Retail sales in Great Britain fell by 1% last month as the cost of living crisis forced households to cut back on spending in the run-up to Christmas. The Office for National Statistics said the surprise decline in sales volumes – economists had forecast a rise of 0.5% – was down to various factors including spiralling food prices. Online sales also fell as consumers worried about a wave of postal strikes affecting Christmas deliveries. The ONS said retail sales fell by 5.7% year on year in the three months to the end of December, with sales in the final month of the year 1.7% below pre-pandemic levels. Food store sales fell by 0.3% in December, after a 1% rise the previous month. Overall, food store sales were down 5.9% last year, as the lifting of Covid restrictions led to the hospitality industry reopening and consumers targeting more of their budget on eating and going out.

Asda tycoons line up £12bn merger with EG Group

The billionaire owners of Asda, the brothers Mohsin and Zuber Issa and the London-based private equity firm TDR Capital, are exploring a merger of the supermarket and their UK petrol forecourts business, EG Group. Bankers at Barclays and Rothschild are understood to be advising the brothers and TDR on the potential deal, which is said to be worth between £11bn and £13bn. The Sunday Times points out that EG Group has £7bn of debt falling due in 2025. A merger would enable the Issa’s and TDR to refinance the debt on better terms.  


CBI to call for growth push

The director-general of the Confederation of British Industry will today call for the Conservatives to start focussing on promoting growth as the UK falls behind its competitors. Tony Danker will say today: "Our international competitors in Europe, Asia and the US are going hell for leather on green growth and getting firms investing. We are behind them now and seem to be hoping for the best." The CBI is calling for more generous tax relief for businesses to be set out in the spring Budget.
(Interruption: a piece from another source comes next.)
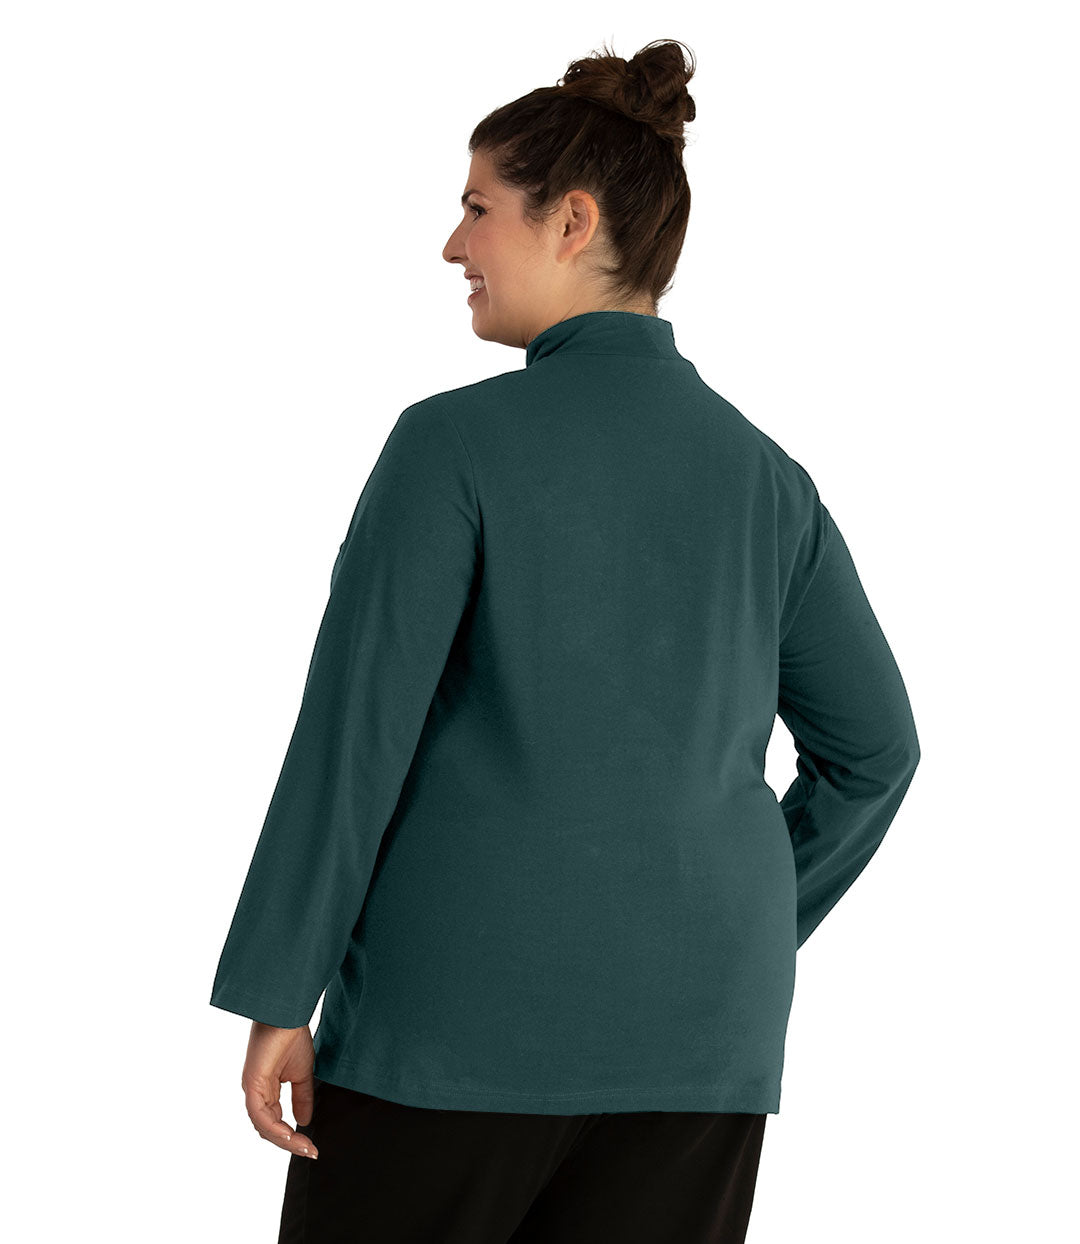 Plus size woman, facing back looking left, wearing JunoActive plus size Stretch Naturals Lite Mock Neck Top in the color Spruce. She is wearing JunoActive Plus Size Leggings in the color Black.

Companies should be allowed to offset half and eventually all investment costs against their taxable profits, says the CBI. "Across the country, I'm speaking to firms putting their investment plans on ice because they need to divert cash to deal with higher energy costs, higher wage bills and higher tax rates," Mr Danker will say. The UK will fall from fifth to 30th in OECD rankings for tax competitiveness in April when existing incentives come to an end, according to the CBI. British business investment is now ranked alongside Turkey and Greece, it added.  Mr Danker will also say that the immigration system is exacerbating the labour shortages and plans to scrap thousands of EU-derived laws risks adding to the complications facing businesses.

Eurozone set to avoid recession this year as economists’ gloom lifts

A survey of analysts by Consensus Economics has recorded a turnaround in sentiment regarding the eurozone’s economy, with growth of 0.1% now expected in 2023 instead of the recession previously forecast.


Senior Tories push for tougher laws on fraud and money laundering

A group of MPs led by former justice secretary Sir Robert Buckland has proposed a series of amendments to the Economic Crime and Corporate Transparency Bill that would make it easier to hold companies and managers responsible for economic crime. The amendments include a new duty to prevent economic crime, meaning businesses could be prosecuted if they do not take steps to stop offences such as fraud. They would also mean senior executives could be jailed for up to seven years for failing to prevent economic crime. Justice Committee chairman Sir Bob Neill , who has co-sponsored the amendments, said: “It's something which prosecutors in the UK have been calling for a very long time, including current and previous DPPs support it and current and previous heads of the Serious Fraud Office. The Law Commission has already said it's a good idea, the evidence is overwhelming, the legal profession thinks it's a good idea. We don't have to hang around.”